The Chinese Foreign Ministry spent a good deal of its press conference on Thursday complaining about criticism of Beijing’s human rights offenses from American politicians, explicitly making the demands for non-interference the Global Times couched as satire.

“I will reiterate that Hong Kong affairs are purely China’s domestic affairs and no foreign interference shall be allowed,” said Foreign Ministry spokesman Geng Shuang.

“We strongly urge the U.S. to abide by international law and basic norms governing international relations, earnestly respect China’s sovereignty, stop interfering in whatever form in Hong Kong affairs, stop pushing the relevant act on Hong Kong, stop endorsing violent and radical forces in Hong Kong and separatist forces for ‘Hong Kong independence,’ and stop instigating words and deeds undermining the stability and prosperity of the Hong Kong SAR [Special Administrative Region],” Geng demanded.
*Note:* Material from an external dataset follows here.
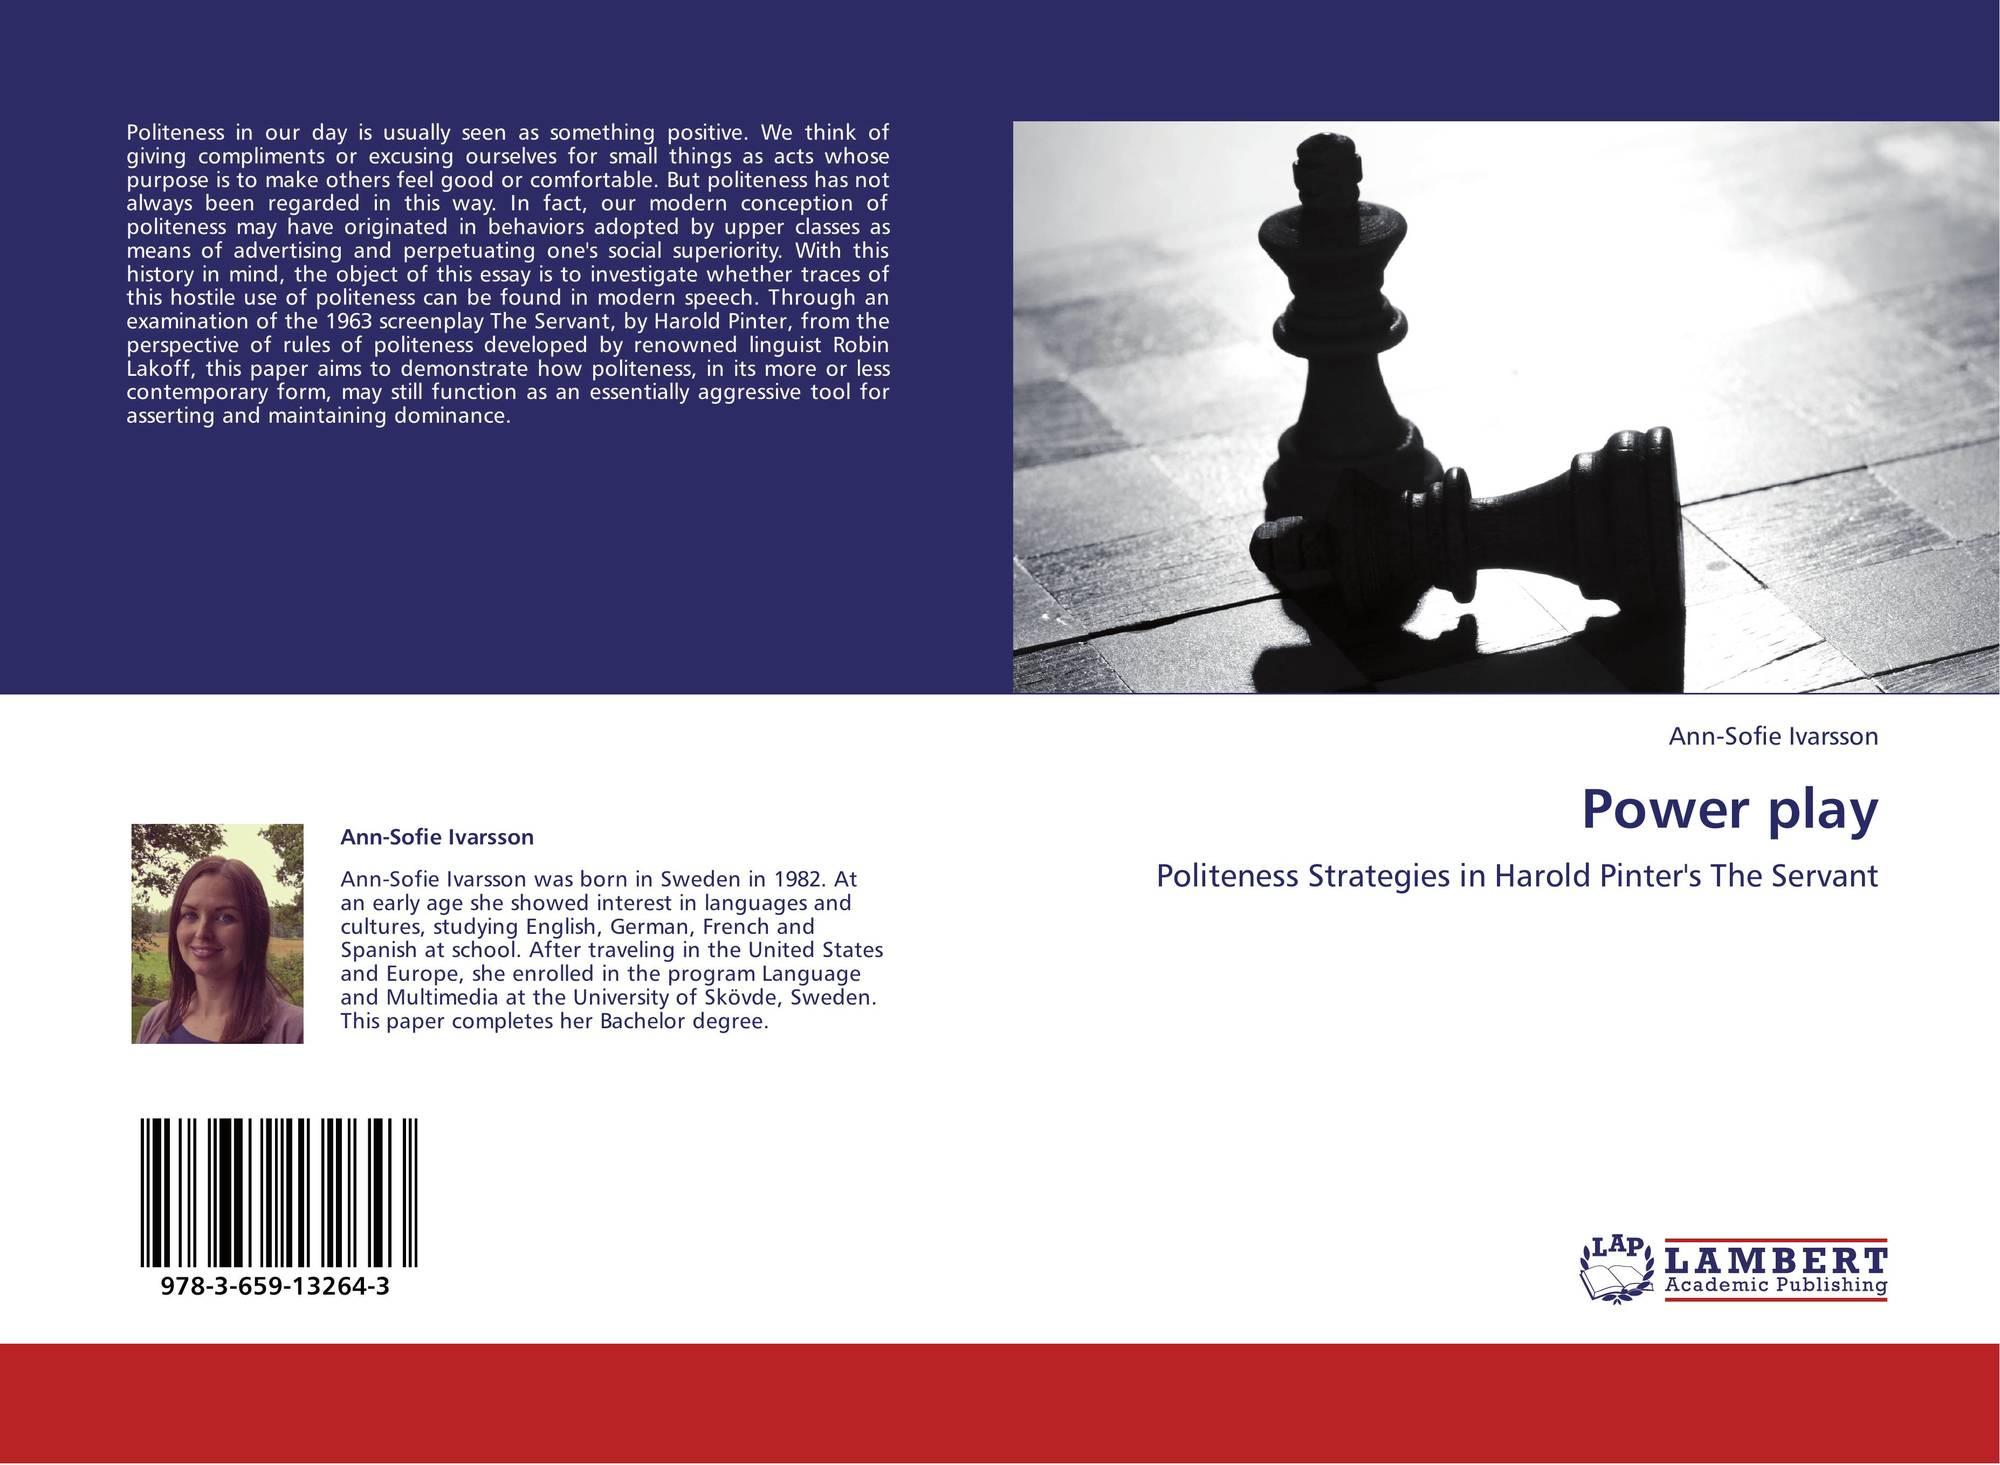 origins of behaviorism essay Methodological behaviorism:  in an essay republished in his 1969 book  mandler described the origins of cognitive psychology in a 2002 article in the.

Geng took a similarly aggressive posture against U.S. criticism of China’s conduct in Tibet and the Muslim-minority Xinjiang province, insisting everything China does in these areas is “not about ethnicity, religion or human rights, but about fighting separatism and violent terrorism.”

Geng then came around to the exact same point made by the Global Times: 

If the U.S. really cares for human rights, it should spend much more time fixing its own problems of gun violence, income disparity, gender discrimination and social security, attach high importance to the concerns raised in the report of the High Commissioner for Human Rights, address violence, long-term detention and hindrance of humanitarian aids targeting immigrants and refugees, stop separating migrant children from parents and stop wantonly violating the human rights of the people of other countries by unilateral sanctions.

Observing the Foreign Ministry press conference, Hofstra Law dean Julian Ku observed that China’s incessant invocation of “separatism” as an excuse for its human rights violations “makes it sound like China is in danger of blowing apart.” Unfortunately for China’s oppressed minorities, they were long ago disarmed with strict gun control, so they have very little ability to resist tyranny or cultural genocide.